#### Problem to work on
Repeat exactly the lines below, from the line containing "Fabulous snow covered" through the last line, both included. Leave out any pictures.

------ Collected material

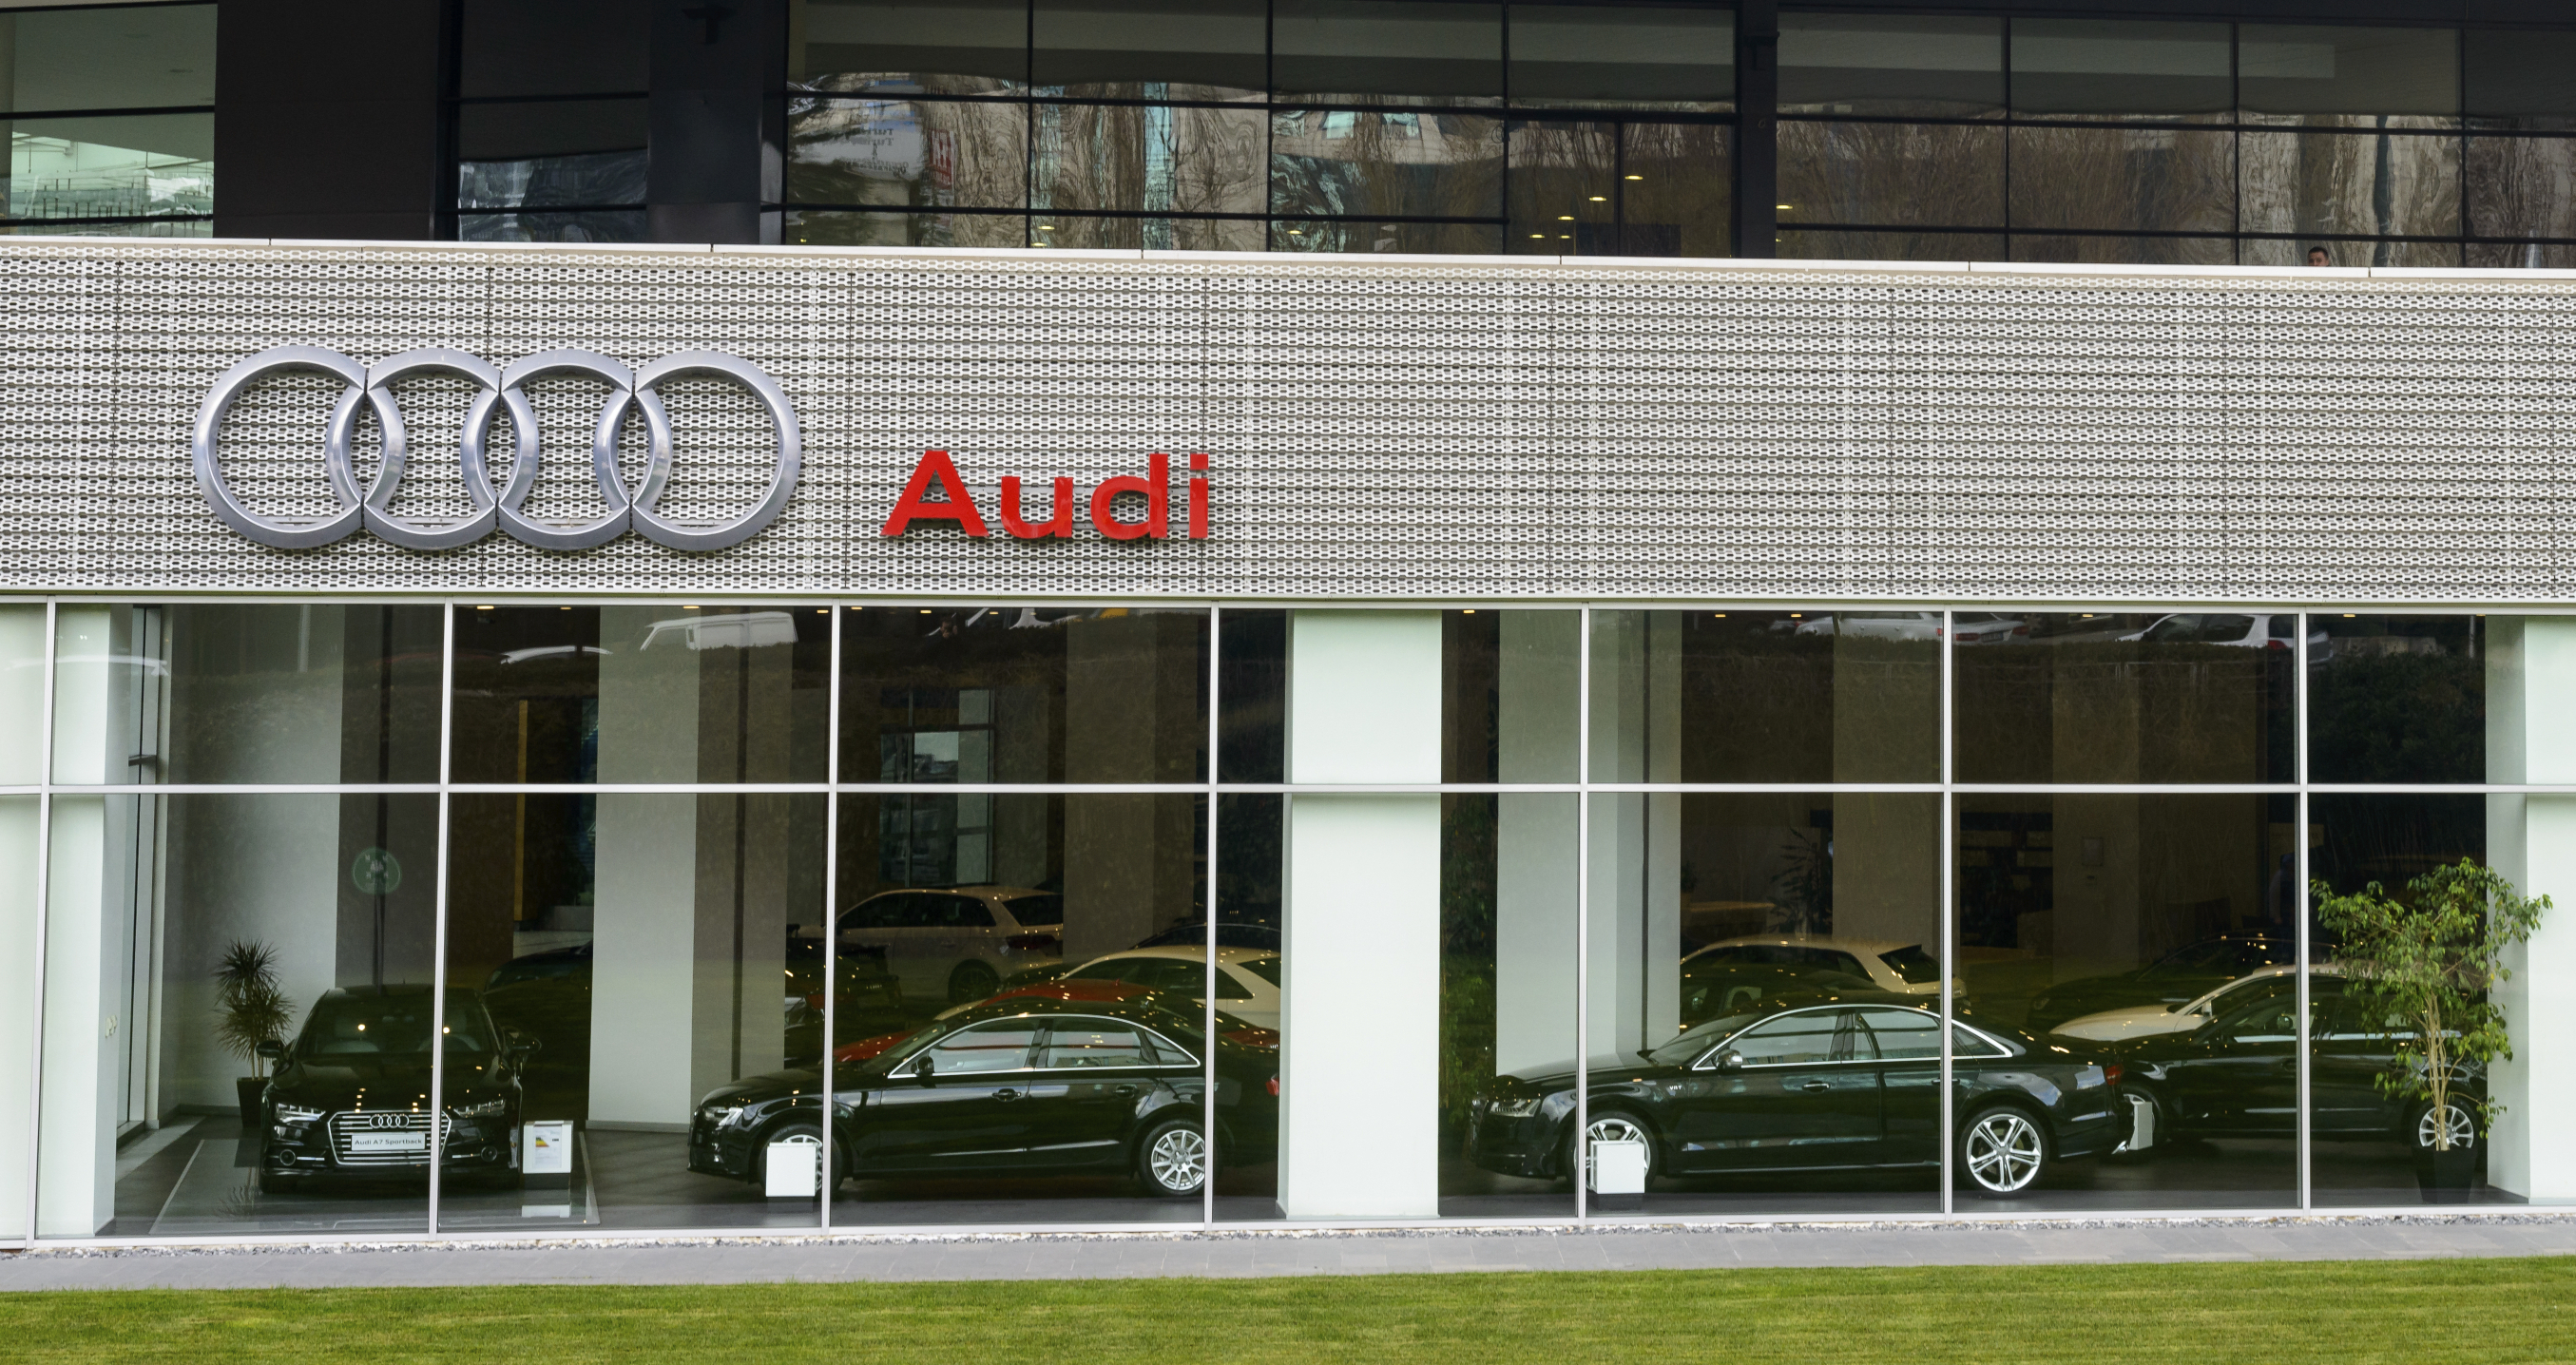 Audi luxury car dealership with various Audi models inside
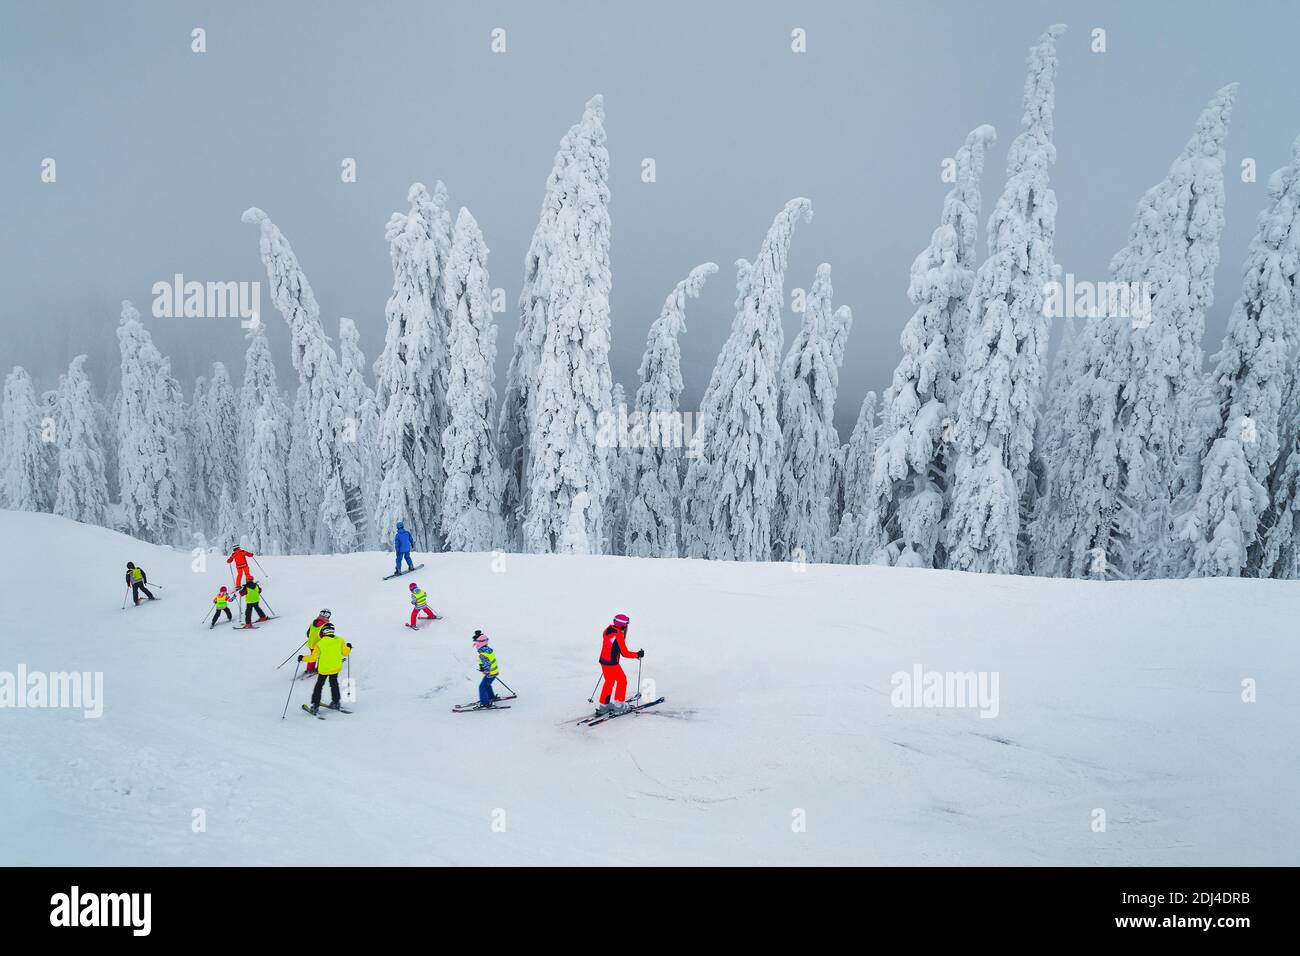 Fabulous snow covered trees and misty winter ski resort. Active kids skiers skiing downhill in famous Poiana Brasov ski resort, Transylvania, Romania, Stock Photo
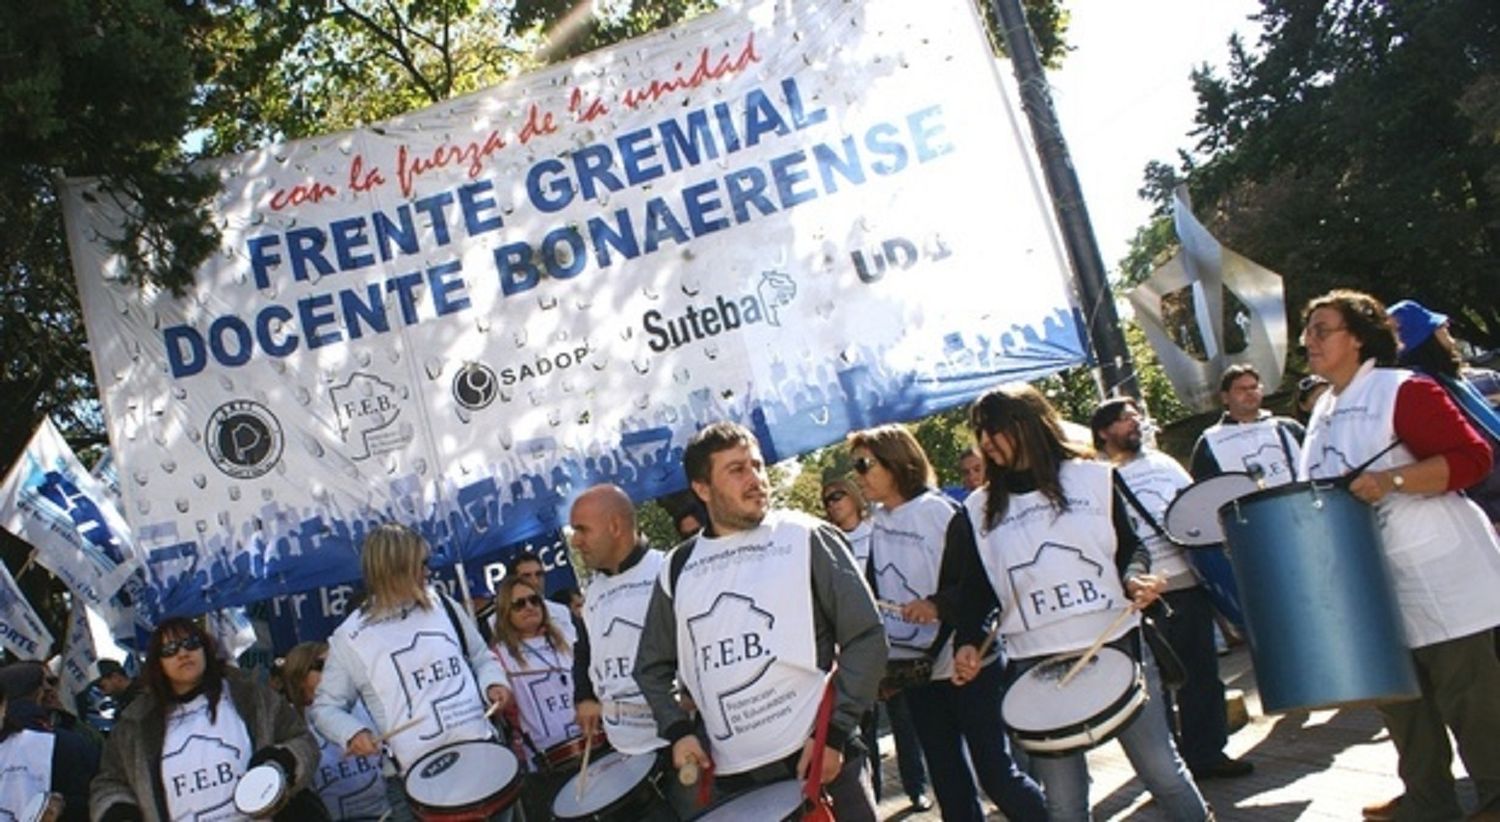 Docentes bonaerenses reclaman a Vidal  "una urgente reunión" para discutir las paritarias
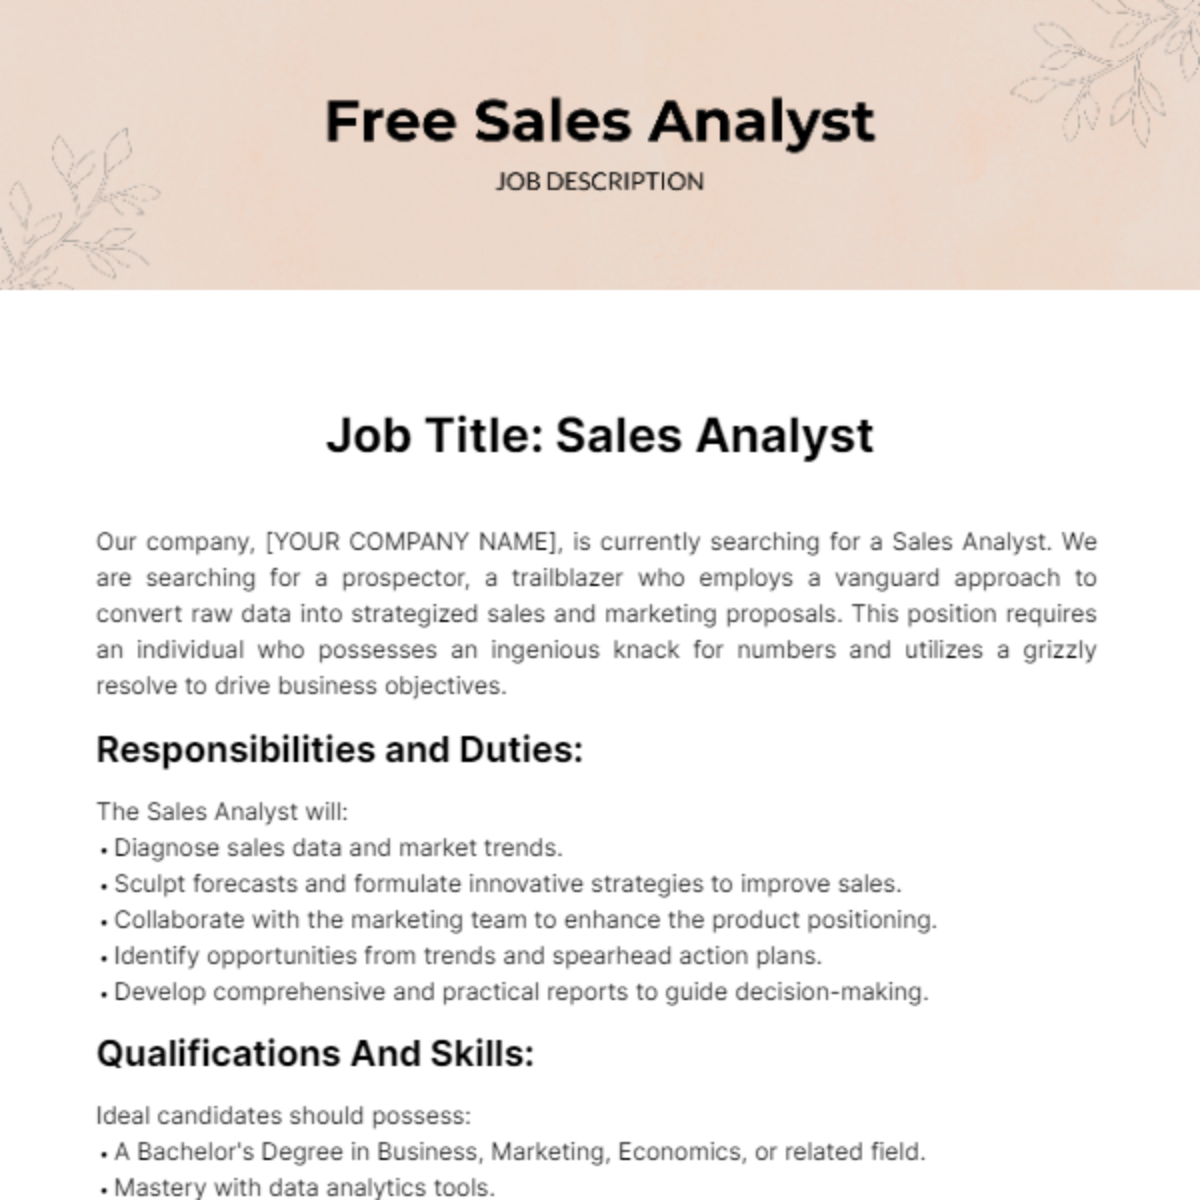 Free Sales Analyst Job Description Template

------------

#### Written solution
 Fabulous snow covered trees and misty winter ski resort. Active kids skiers skiing downhill in famous Poiana Brasov ski resort, Transylvania, Romania, Stock Photo
 Docentes bonaerenses reclaman a Vidal  "una urgente reunión" para discutir las paritarias
 Free Sales Analyst Job Description Template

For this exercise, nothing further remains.